Karena tidak kuasa melawan penyakitnya, akhirnya khaerunisa menghembuskan nafas terakhirnya pada minggu (5/6) pukul 07.00.
Khaerunisa
meninggal di depan sang ayah, dengan terbaring di dalam gerobak yang
kotor itu, di sela-sela kardus yang bau. Tak ada siapa-siapa, kecuali
sang bapak dan kakaknya. Supriono dan muriski termangu. Uang di saku
tinggal Rp.6.000,- tak mungkin cukup beli kain kafan untuk membungkus
mayat si kecil dengan layak, apalagi sampai harus menyewa ambulans.
Khaerunisa
masih terbaring di gerobak. Supriono mengajak musriki berjalan
menyorong gerobak berisikan mayat itu dari manggarai hingga ke stasiun
tebet, supriono berniat menguburkan anaknya di kampong pemulung di
kramat, bogor. Ia berharap di sana mendapatkan bantuan dari sesama
pemulung.
Pukul 10.00 yang mulai terik, gerobak mayat itu tiba di stasiun tebet.
Yang
tersisa hanyalah sarung kucel yang kemudian dipakai membungkus jenazah
si kecil. Kepala mayat anak yang dicinta itu dibiarkan terbuka, biar
orang tak tahu kalau khaerunisa sudah menghadap sang khalik.
Dengan
menggandeng si sulung yang berusia 6 thn, Supriono menggendong
Khaerunisa menuju stasiun. Ketika KRL jurusan bogor datang, tiba-tiba
seorang pedagang menghampiri supriono dan menanyakan anaknya.

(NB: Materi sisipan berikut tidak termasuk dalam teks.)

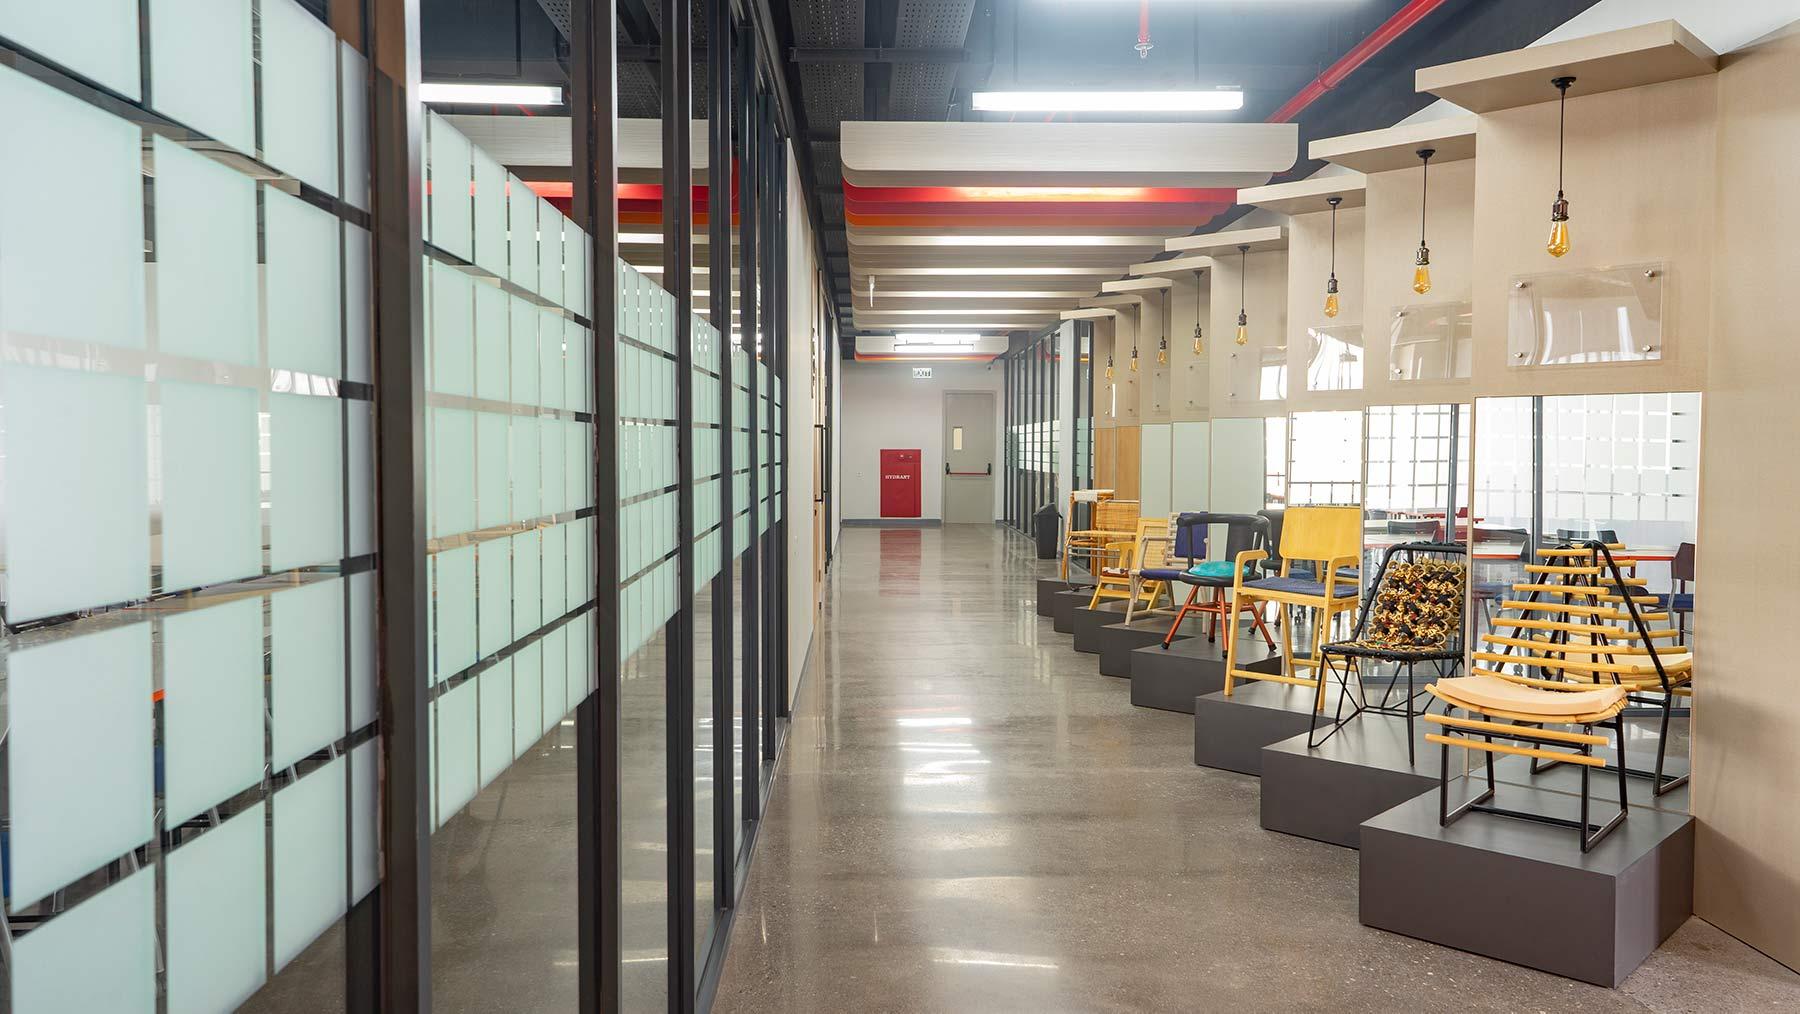 School of Creative Industry Facilities

Lalu
dijelaskan oleh Supriono bahwa anaknya telah meninggal dan akan dibawa
ke Bogor spontan penumpang krl yang mendengar penjelasan supriono
langsung berkerumun dan supriono langsung dibawa ke kantor polisi Tebet.
Polisi menyuruh agar supriono membawa anaknya ke RSCM dengan menumpang
ambulans hitam.
Supriono ngotot meminta agar mayat anaknya bisa segera dimakamkan.
Tapi
dia hanya bisa tersandar di tembok ketika menantikan surat permintaan
pulang dari RSCM. Sambil memandangi mayat khaerunisa yang terbujur kaku.

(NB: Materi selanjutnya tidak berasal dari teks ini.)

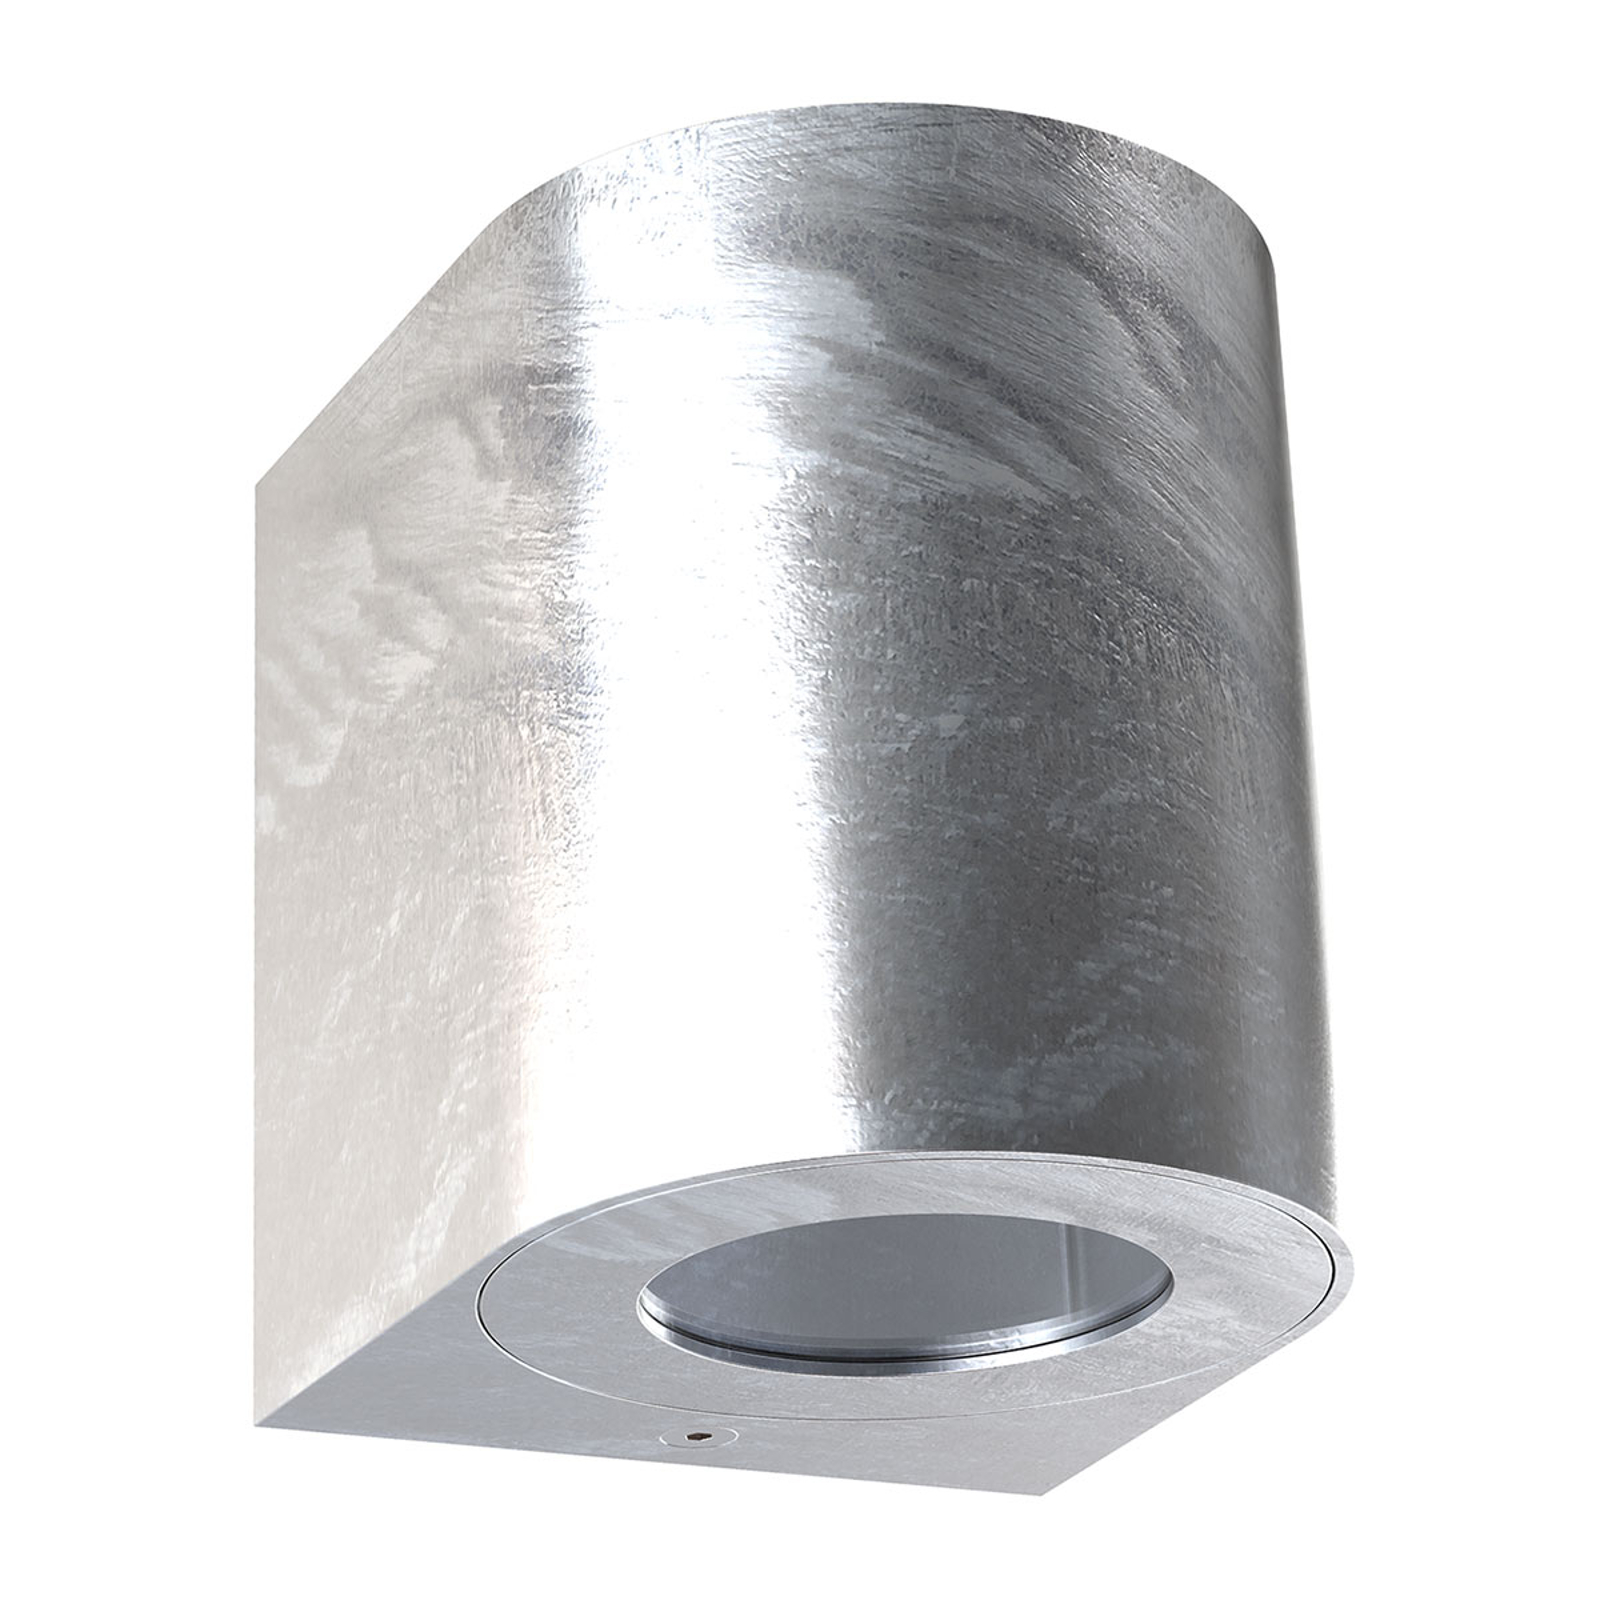 LED buitenwandlamp Canto 2, 10 cm, verzinkt

Hingga saat itu Muriski sang kakak yang belum mengerti kalau adiknya
telah meninggal masih terus bermain sambil sesekali memegang tubuh
adiknya. Pukul 16.00, akhirnya petugas RSCM mengeluarkan surat tersebut,
lagi-lagi karena tidak punya uang untuk menyewa ambulans, Supriono
harus berjalan kaki menggendong mayat Khaerunisa dengan kain sarung
sambil menggandeng tangan Muriski. Beberapa warga yang iba memberikan
uang sekadarnya untuk ongkos perjalanan ke Bogor.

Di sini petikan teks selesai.